Henderson stared at him. Ben picked up the paper, scanning the Kaltenbach piece.

“So he made it.”

“You didn’t see it? He denounced Ostermann. A real German would come back, build a new Germany. Ostermann’s a ‘cosmopolitan.’ Not even a German anymore.”

“They made him say it.”

“They’ll make him say a lot of things. Drove himself to Mexico. Funny, isn’t it, since he couldn’t drive.”

“Couldn’t he? Who told you that? Danny?”

Henderson motioned his head toward the door. “Show me the lot.”

Ben took him past the sound stages to the New York street, empty today, the brownstone fronts as silent as a ghost town.

“You’re trying to get yourself killed,” Henderson said.

“That was the idea, wasn’t it?”

“The idea was to find your brother’s mailman. Make him come after the list.
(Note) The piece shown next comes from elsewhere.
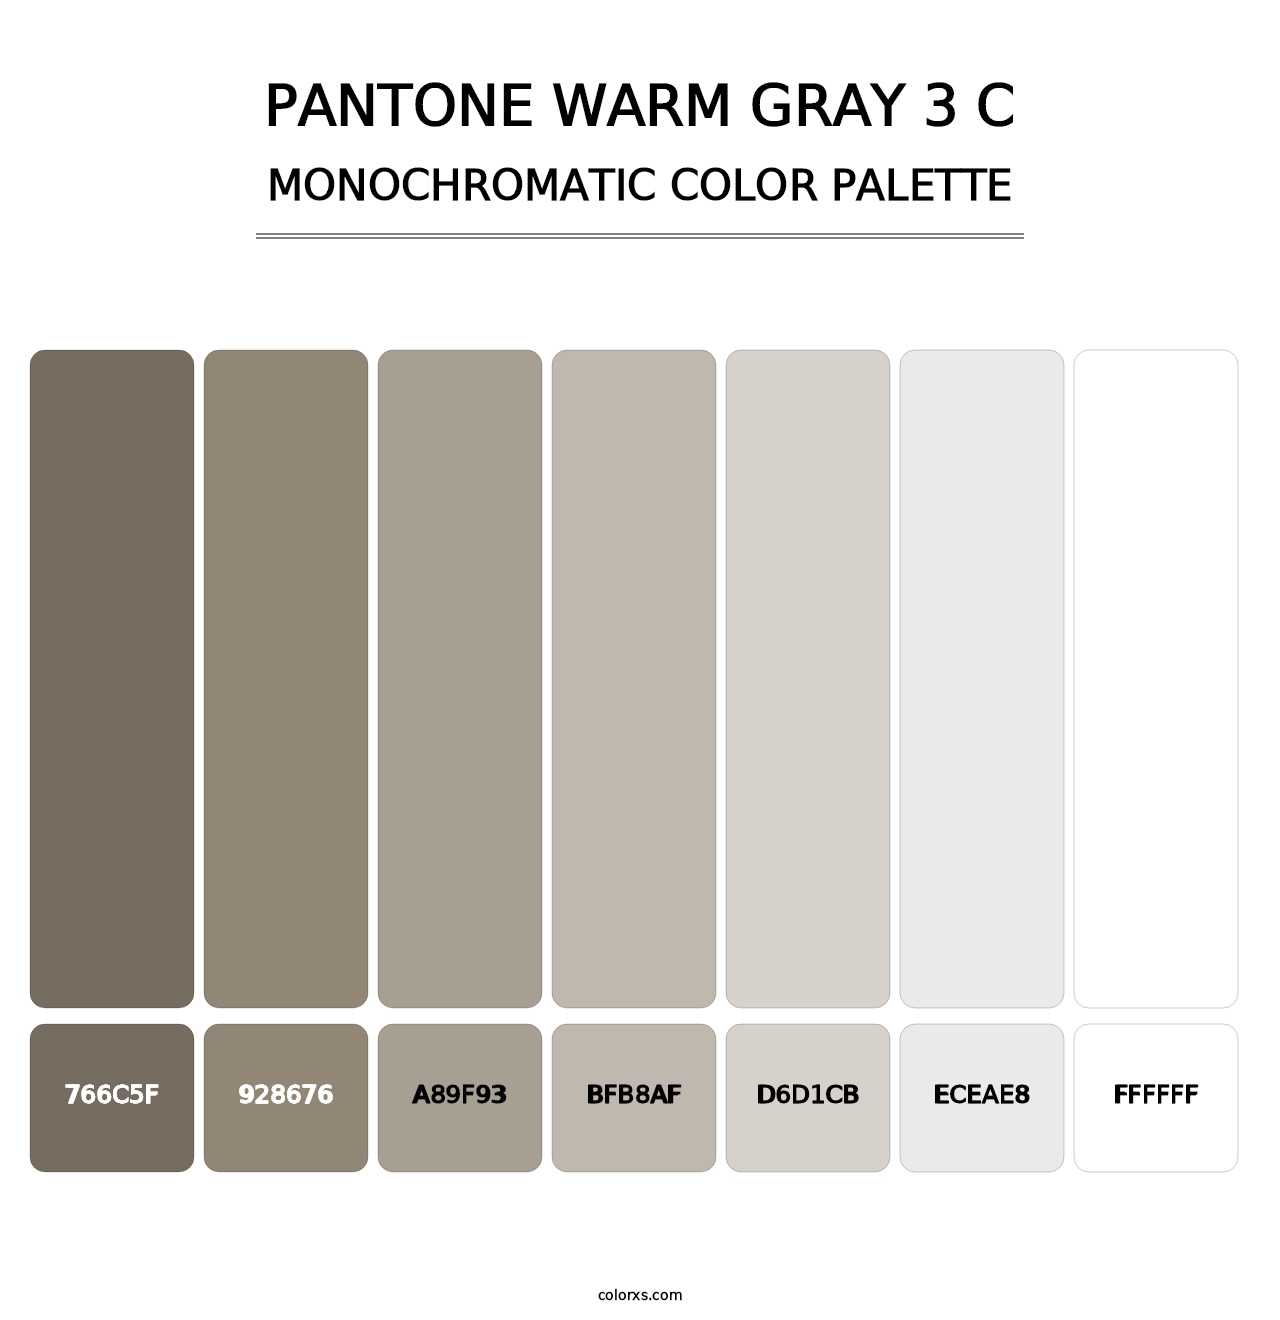 PANTONE Warm Gray 3 C - Monochromatic Color Palette

Not after you.”

“When did you get all protective? They’ve already tried once. We both knew how this was going to work.”

“Not by going to the papers.”

“What are you worried about? That I’m going to embarrass the Bureau? Give away state secrets?”

“What state secrets.”

“That’s right. There is no list.”

“It’s classified,” Henderson said evenly. “It has to stay that way.”

“It will. You think I’d tell Polly? I’m that crazy?”